Thus, the construction of DeepDetectNet is built completely, as shown in Figs 9 and 10.

Download:

Fig 9. The detail of each layer.

https://doi.org/10.1371/journal.pone.0231626.g009

Download:

Fig 10. Overall structure of our neural network.

https://doi.org/10.1371/journal.pone.0231626.g010

The overview of our DeepDetectNet is shown in Fig 11. According to the experimental results in section, the AUC of this deep learning model can reach 0.989.

Download:

Fig 11. An overview of our DeepDetectNet.

https://doi.org/10.1371/journal.pone.0231626.g011

Construction of RLAttackNet

Drawing on the idea of GAN, we need to construct a generation model to attack the detection model (DeepDetectNet). To achieve this goal, our approach is to construct a deep reinforcement learning model.

Attack conditions.

In [22], the author summarized three attack conditions for malware detection model based on deep learning.

The first condition is the gradient-based direct attack, in which the structure of the detection model is known. However, in general, the attackers do not know the specific structure of the detection model. The second condition is to attack the model that will report scores. The attackers do not know the specific structure of the detection model, but they can continuously input a file and get the corresponding score. The higher the score, the more likely the file is malicious. The third condition is the binary black box attack. The attackers still have no knowledge about the exact structure of the detection model, and they can only input a file to get the corresponding binary value.

To simulate a more realistic attack environment, our method of adversarial sample generation works under the third condition.

Modification method of PE files—build the action space.

Although the idea of adversarial sample generation comes from GAN, the adversarial samples of PE files need a more specific modification method. We cannot simply add noise like image generation, because that would break the PE file structure, causing the file not to work properly.

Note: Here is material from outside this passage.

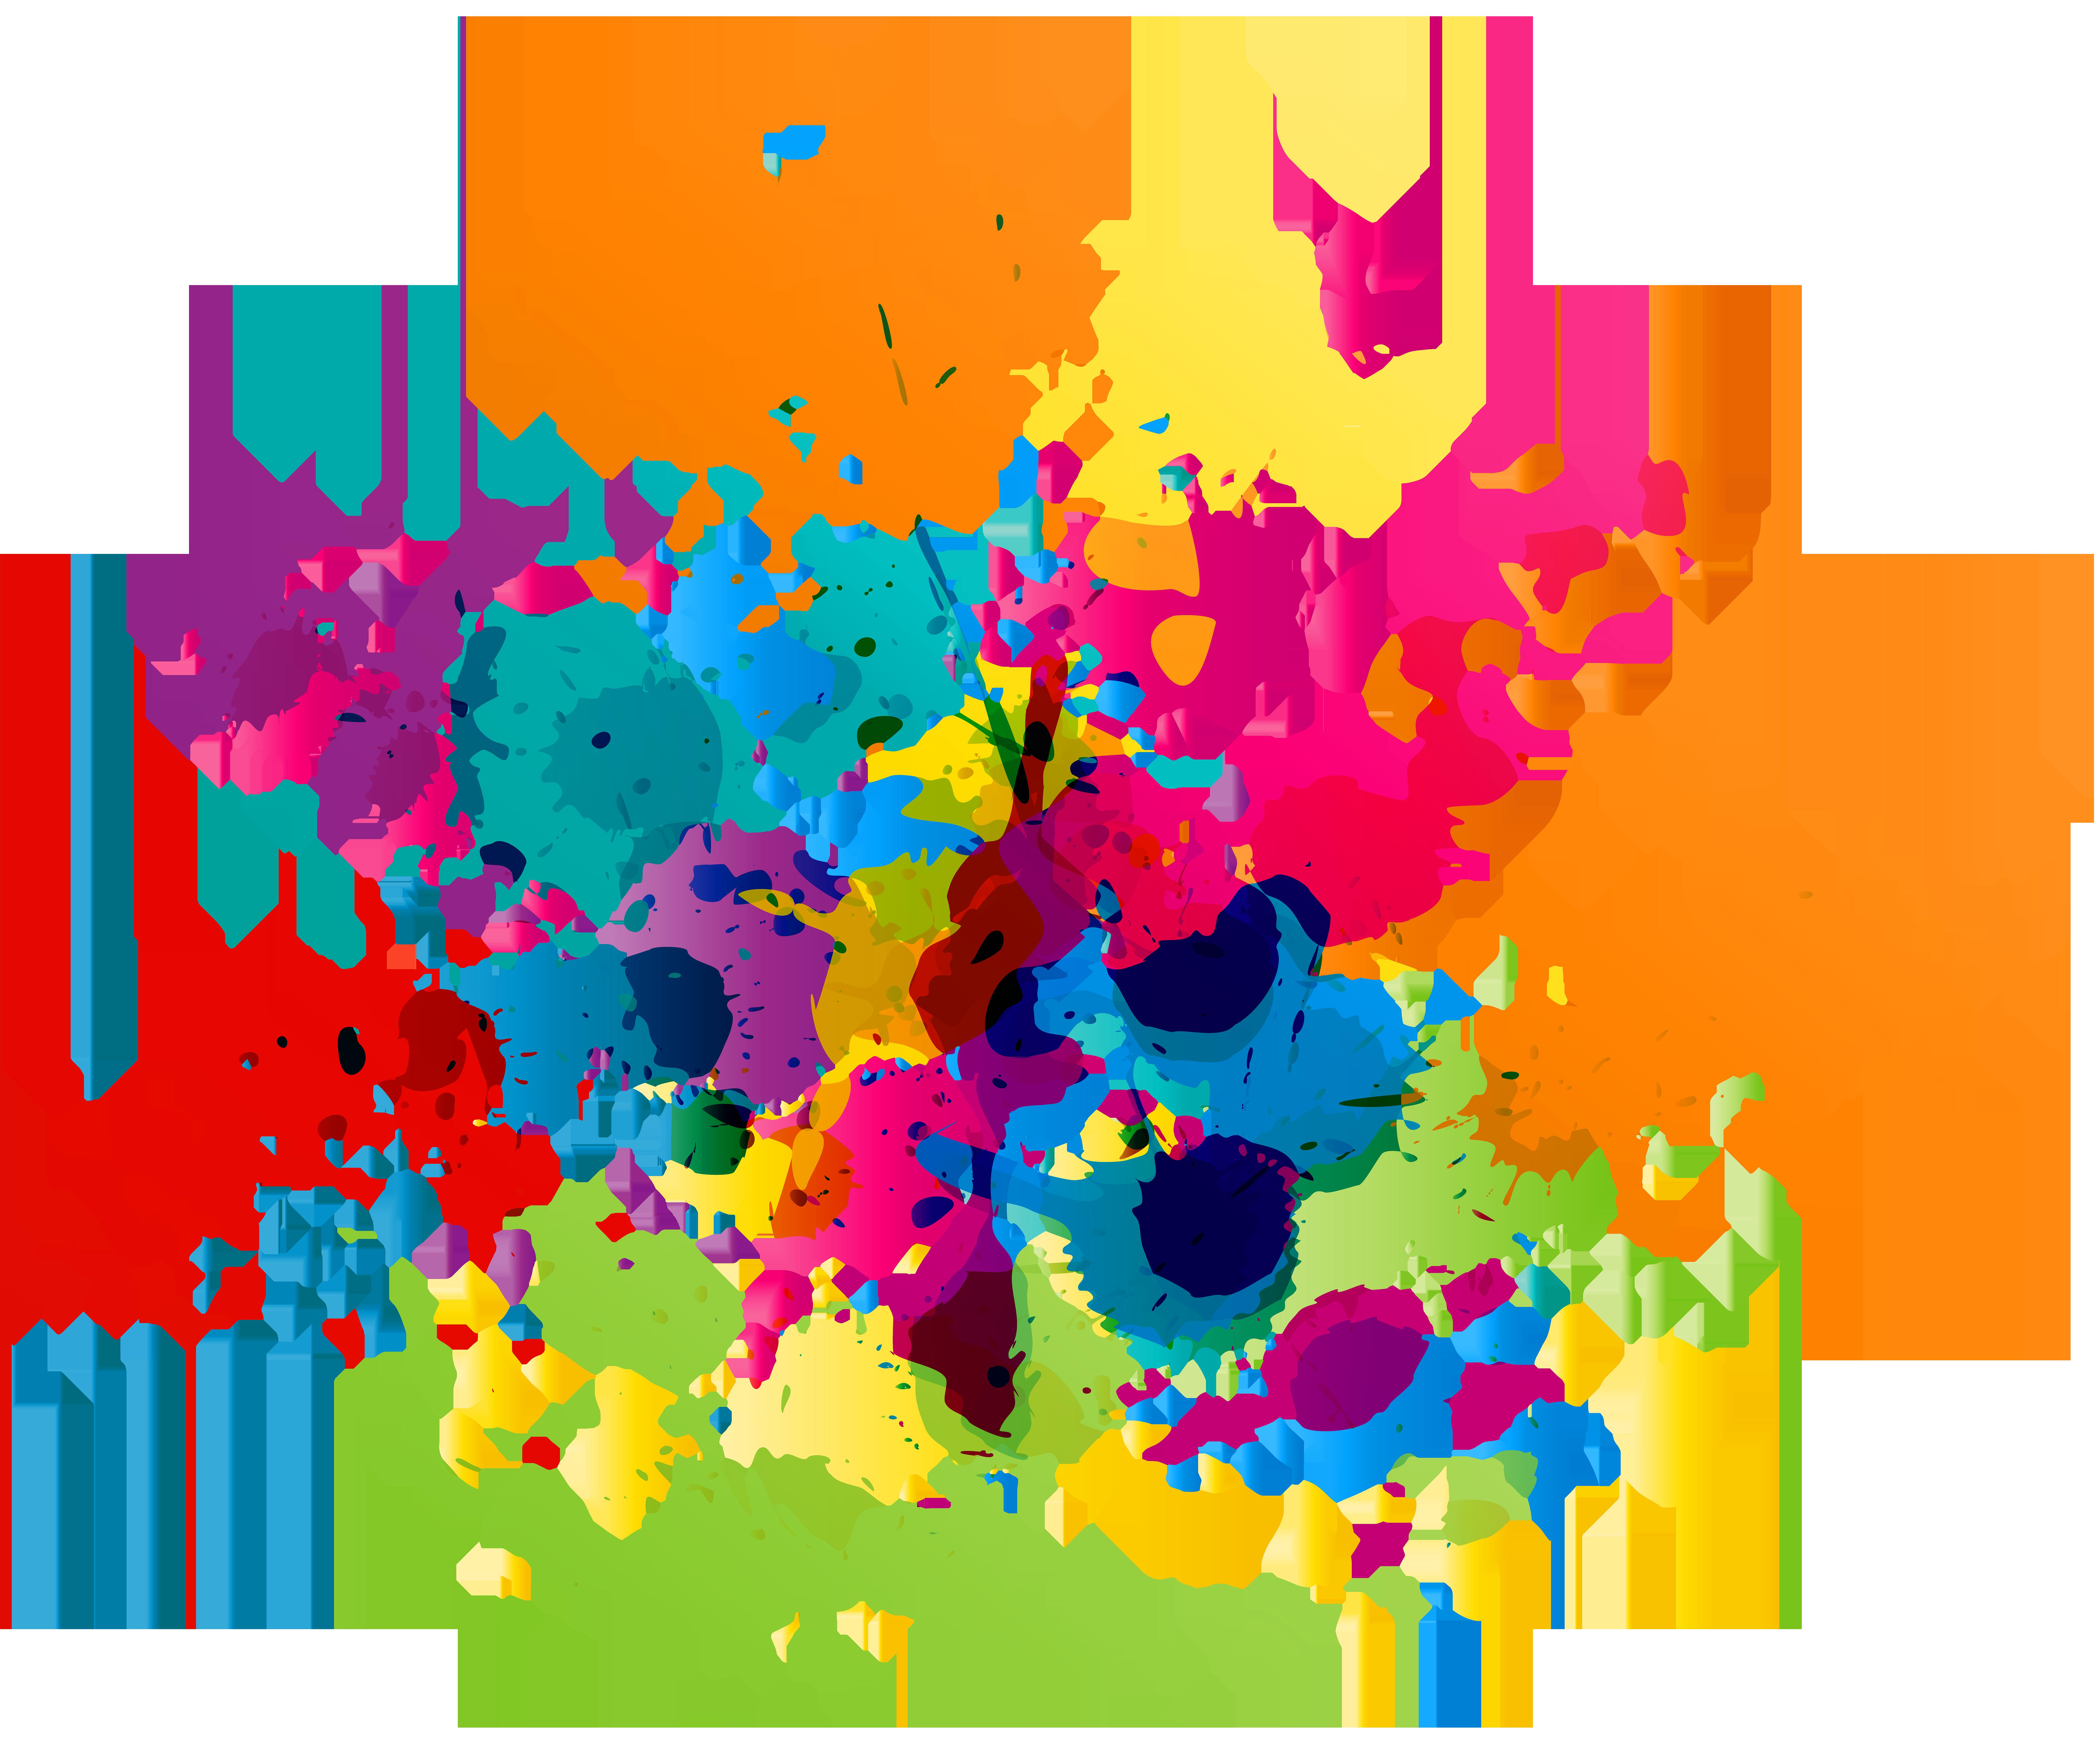 Splatter clipart transparent vector library library Colorful Paint Splatter Transparent Clip Art Image | Gallery ... vector library library
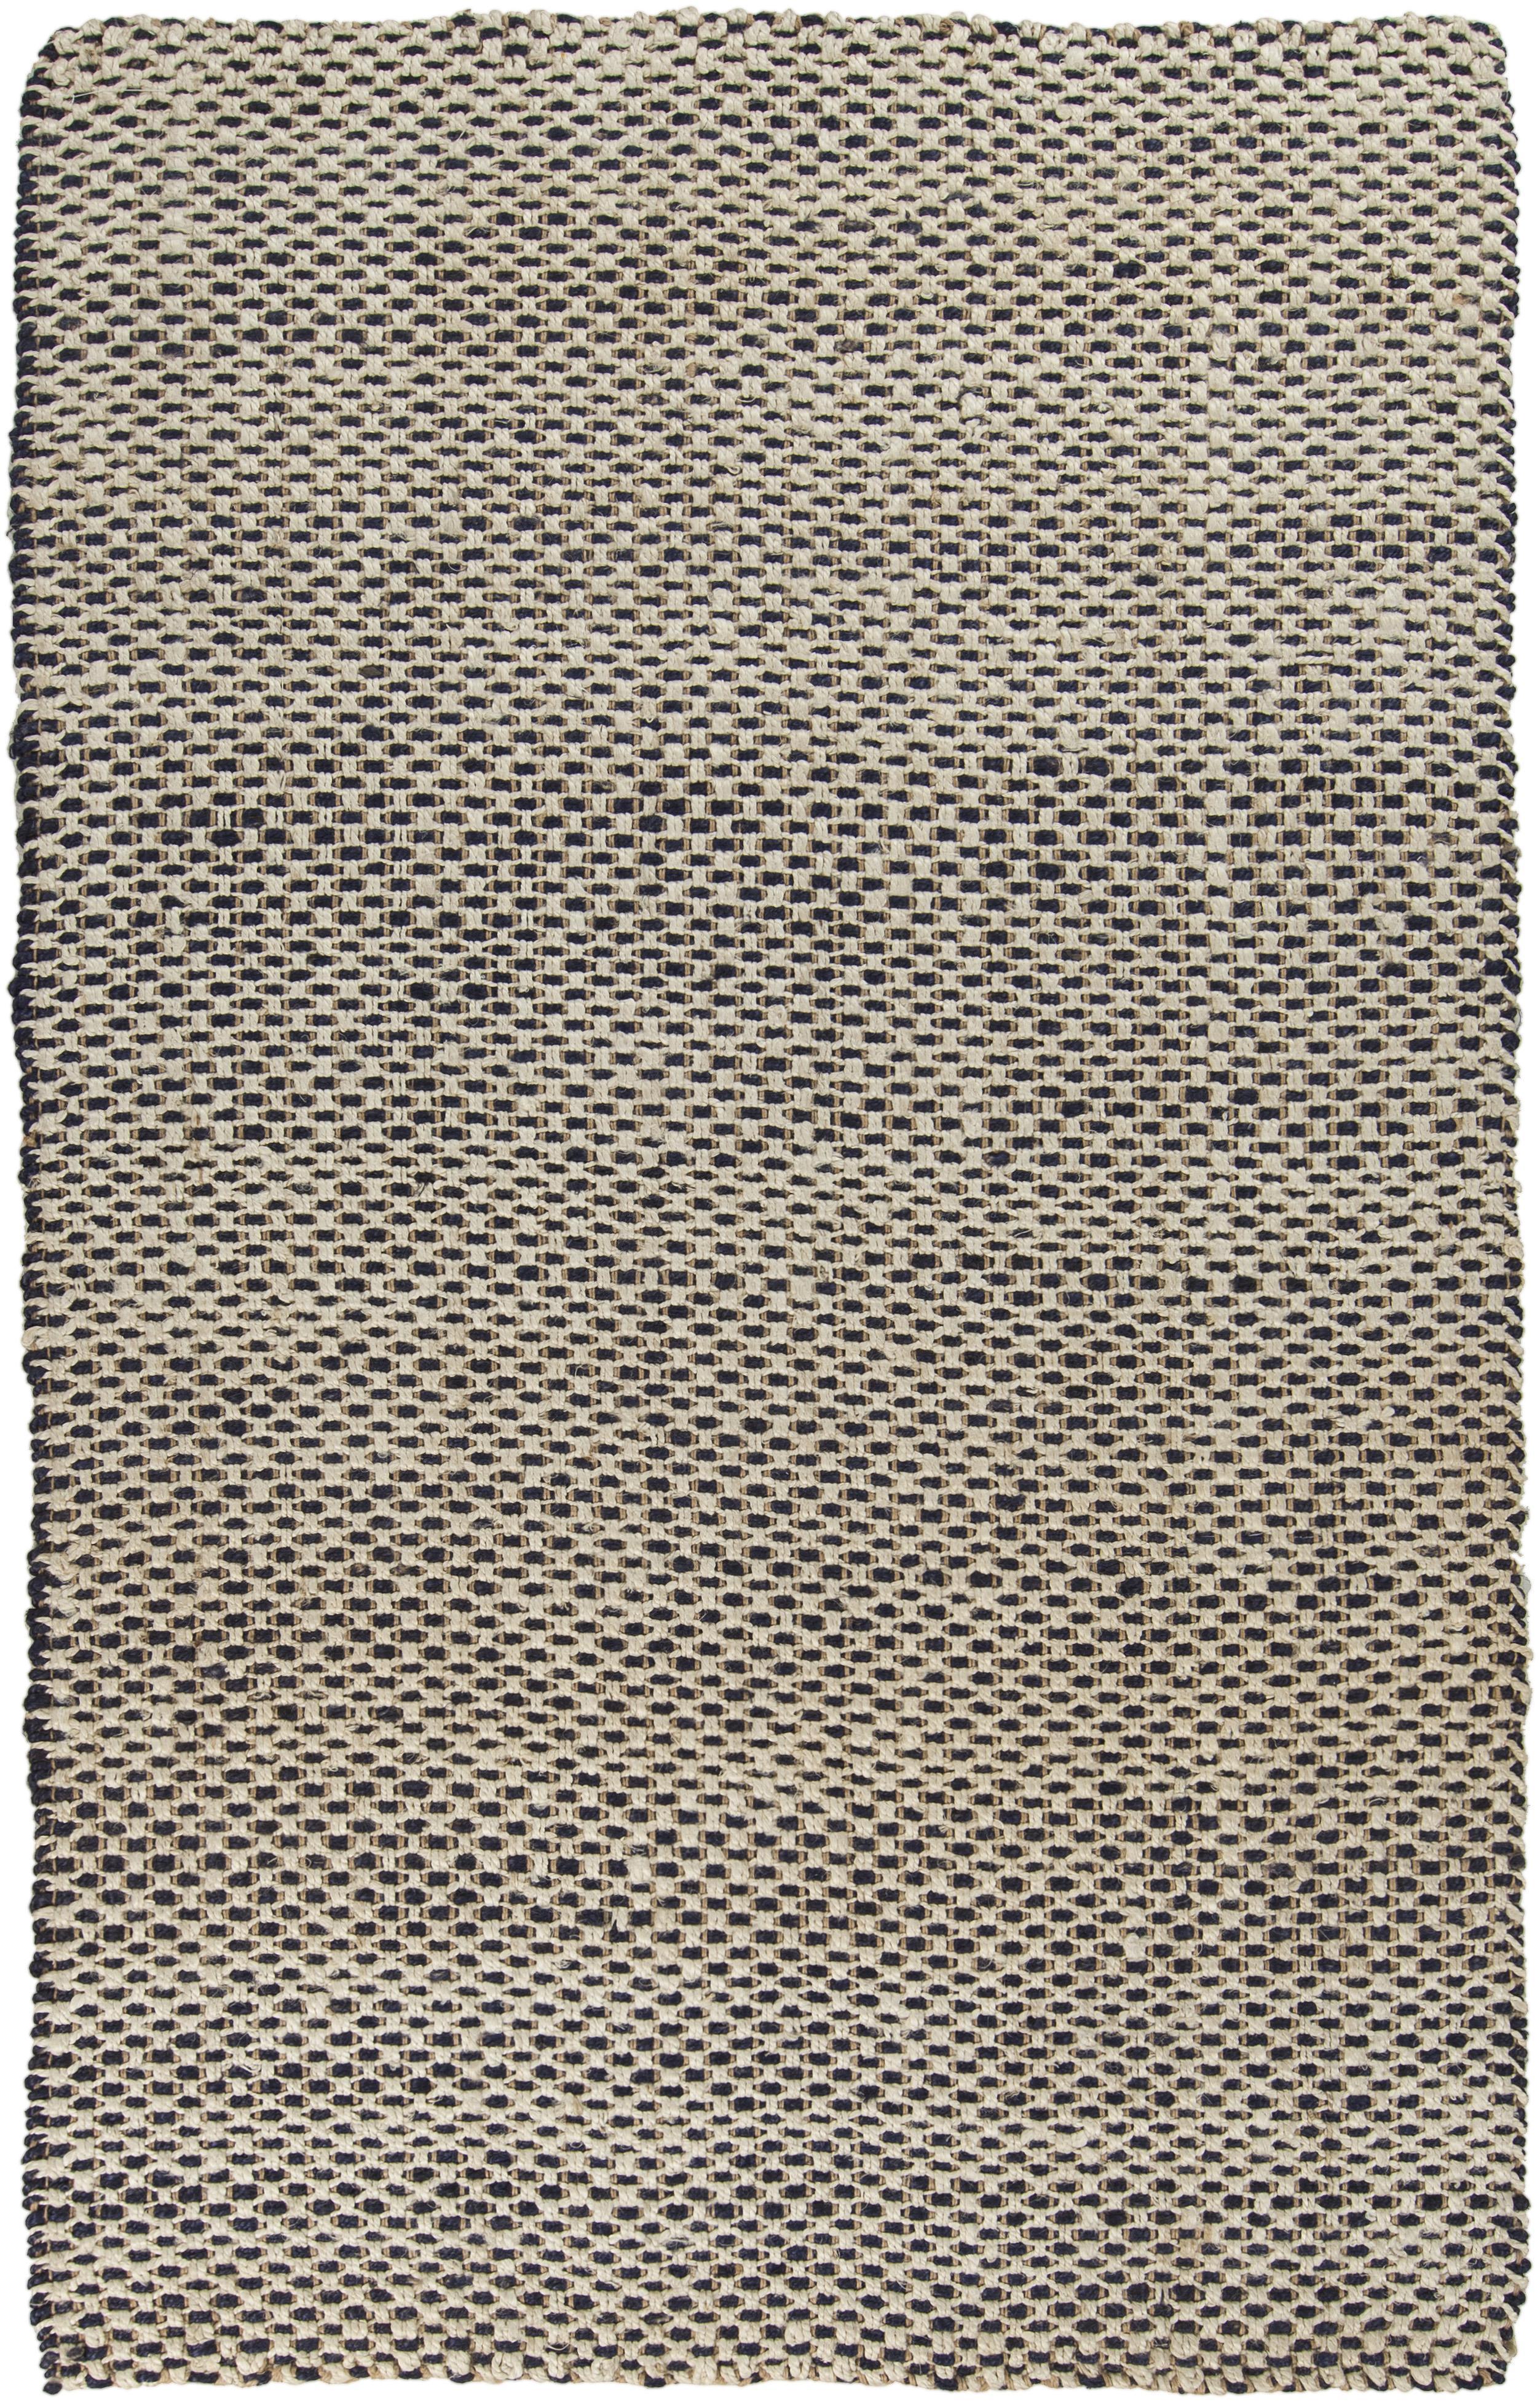 Surya Reeds 10' x 14' - Item Number: REED825-1014

In the study of [41], the method of adding import functions to original files was proposed. On this basis, [24] proposed another 9 methods to modify PE files without destroying PE file format and functionality of original files, including:

add an import function
modify the name of an existing section
create a new section
add some bytes to the free area of the last section
create a new entry point that immediately jumps to the original entry points
remove signature information
modify debugging information
pack or unpack the file
modify the header checksum
add some bytes to the end of PE file

However, the implementation of [24] has some randomness. For example, when adding an import function, an unused import function is randomly selected to be added. This leads to some problems with the reinforcement learning model training process. If the Agent takes “adding an import function” as the Action under a certain Environment State, the reward may be positive or 0 due to the randomness of the selected import function. If the randomly added function happens to make the original PE file more likely to bypass the detection model, Q − function will consider it as a good operation that makes the expectation of Reward larger when evaluating the Action under the Environment State. On the contrary, if the randomly added function makes the original PE file more likely to be recognized as a malicious file by the detection model, Q − function will consider it as a bad operation even if under the same Environment State. Of course, Q − function will feel overwhelmed by this situation, and eventually the Agent cannot learn normally! After experiments on the model in [24], as shown in Fig 12, we found that the effective adversarial samples generated by the model are all UPX packed or UPX unpacked, which cannot be regarded as a real modification of PE file strictly speaking, because a UPX packed sample is not only easy to be identified but also easy to be unpacked.

Download:

Fig 12. All effective adversarial samples are UPX packed or unpacked.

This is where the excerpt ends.